PyPongAI
The Research Question
Can evolution discover how to play Pong without hand-coded rules?
This platform demonstrates the answer: from Generation 0 (0% win rate, random movement) to Generation 50 (98% win rate, perfect predictive tracking).
The Arc
Generation 0:
- 0% win rate
- Random paddle movement
- No trajectory prediction
- Ball bounces off randomly
Generation 10:
- 15% win rate
- Basic ball tracking
- Simple reaction to ball position
- Still misses frequently
Generation 25:
- 65% win rate
- Predictive tracking emerges
- Anticipates ball bounces
- Strategic positioning
Generation 50:
- 98% win rate
- Perfect predictive tracking
- Anticipates player patterns
- Near-optimal play
Three Key Insights
1. The Gap Between Random & Trained The visual difference between Generation 0 and Generation 50 is dramatic. Random flailing becomes precise, predictive movement. The platform shows this progression side-by-side.
2. Dual Architecture: Speed vs Interpretability
- Headless Simulator: Optimized for 500x faster-than-real-time training
- Visual Pong: Proof it actually works via high-fidelity verification and human matches
The headless mode enables rapid iteration. The visual mode provides verification and human-comparable benchmarks.
3. Novelty Search: Evolution’s Creativity Engine
- Pure ELO: All agents often converge to a single “safe” strategy
- ELO + Novelty: Population maintains diversity, enabling agents to discover non-obvious, superior solutions by rewarding unique behaviors
Novelty search is crucial. Pure optimization leads to convergence on a single strategy. Adding novelty rewards unique behaviors, enabling the population to discover superior solutions.
Technical Highlights
NEAT (NeuroEvolution of Augmenting Topologies) Evolves both the weights and the topology of neural networks, starting from minimal complexity and complexifying only as needed to achieve higher fitness.

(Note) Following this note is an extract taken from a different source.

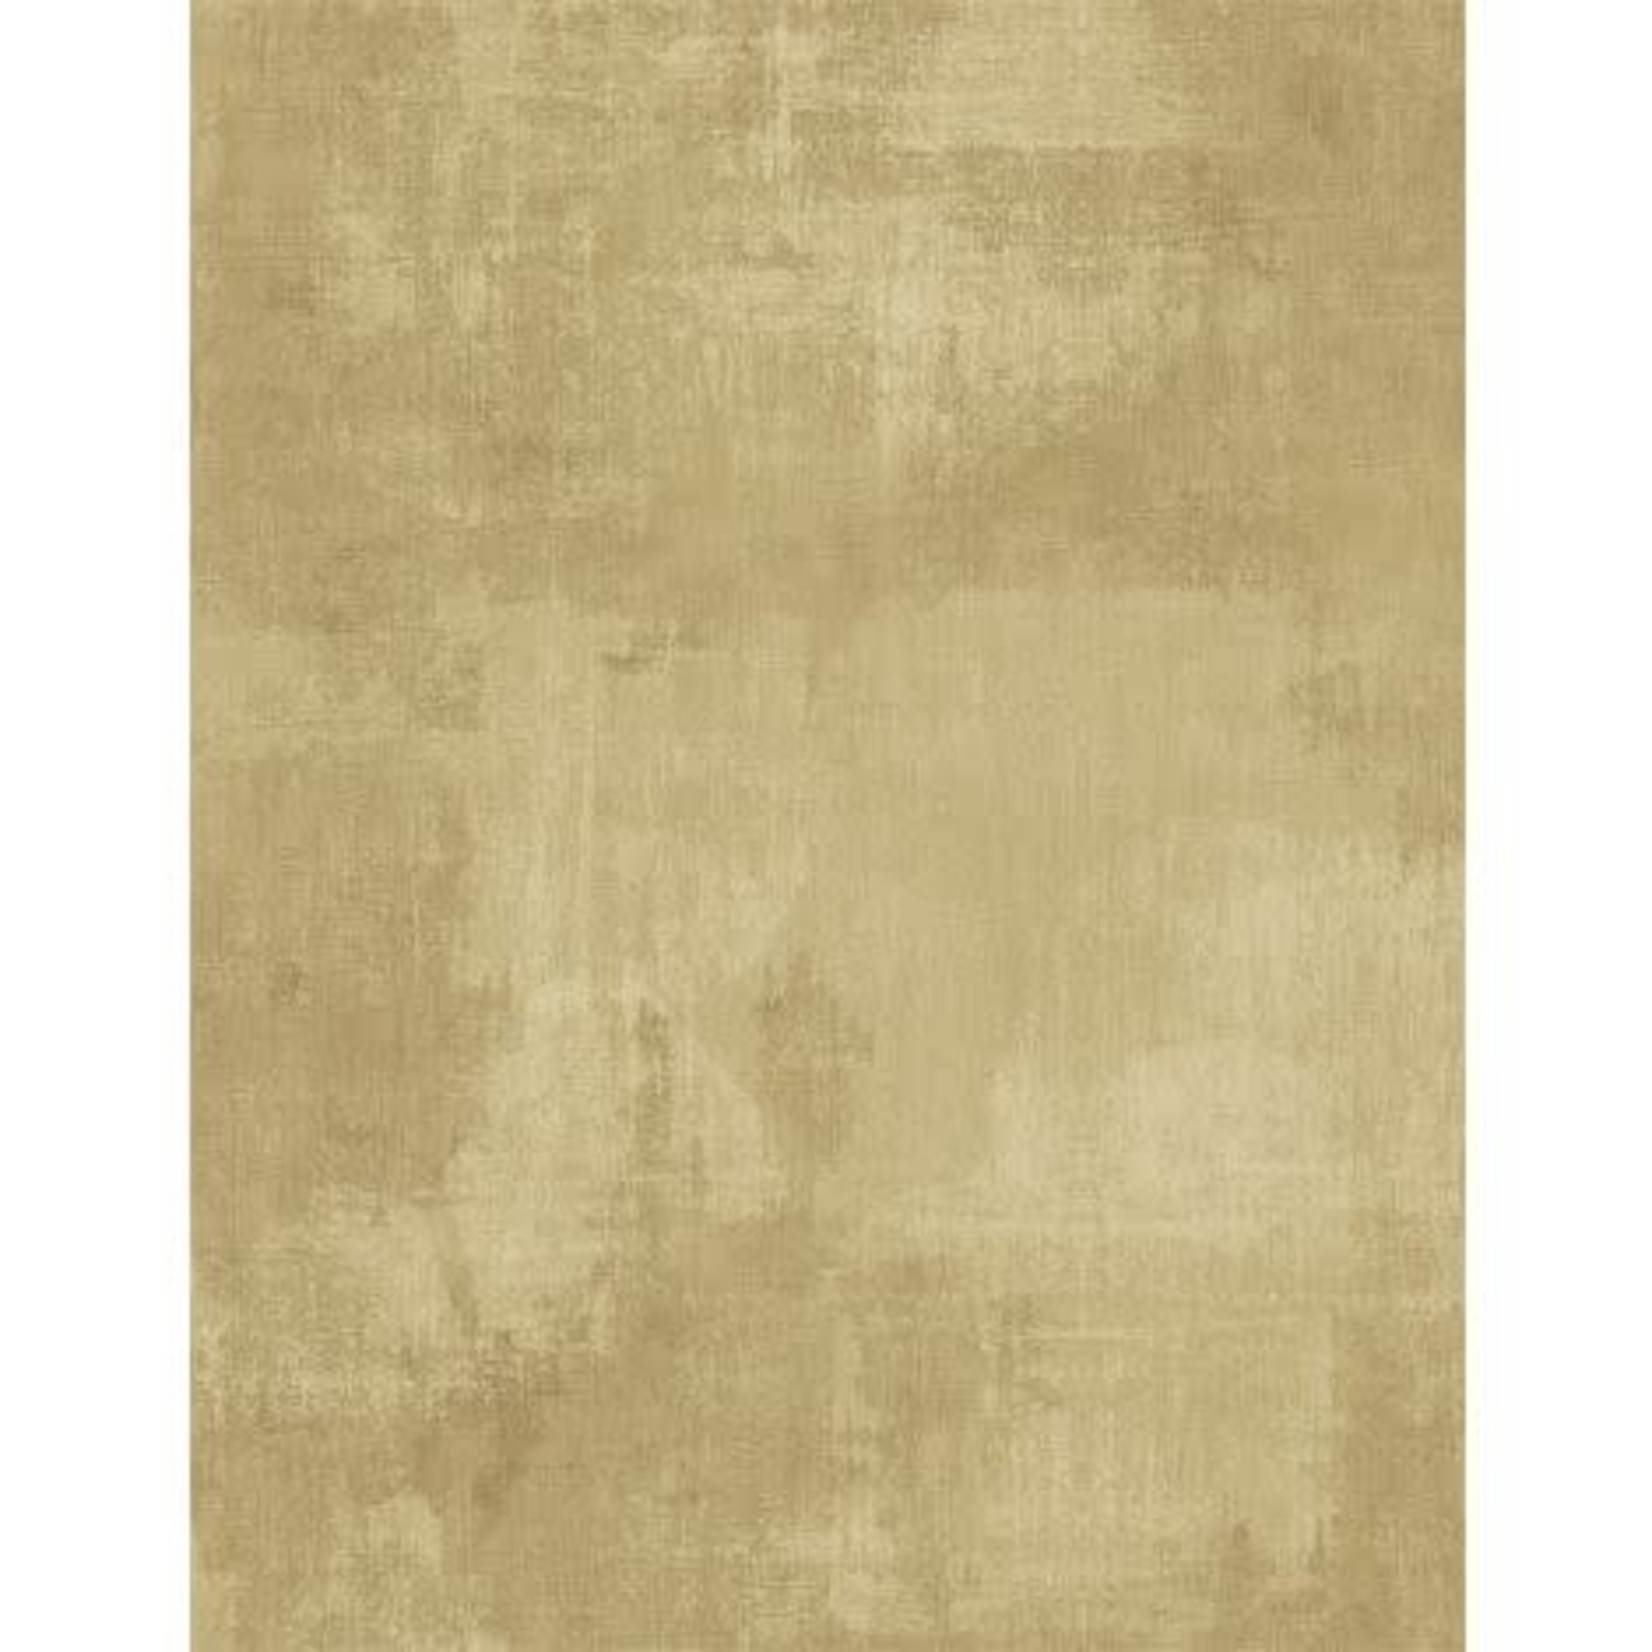 WILMINGTON PRINTS Essentials Flannel, Sand - Per Cm or $20/m

RNNs for Temporal Memory Inclusion of Recurrent Neural Networks allows agents to maintain a “memory” of ball velocity and previous states, which is critical for trajectory prediction.
ELO-Based Competitive Training Agents are ranked using a standard ELO system, ensuring that fitness isn’t just a static score but a reflection of the agent’s performance relative to the evolving population.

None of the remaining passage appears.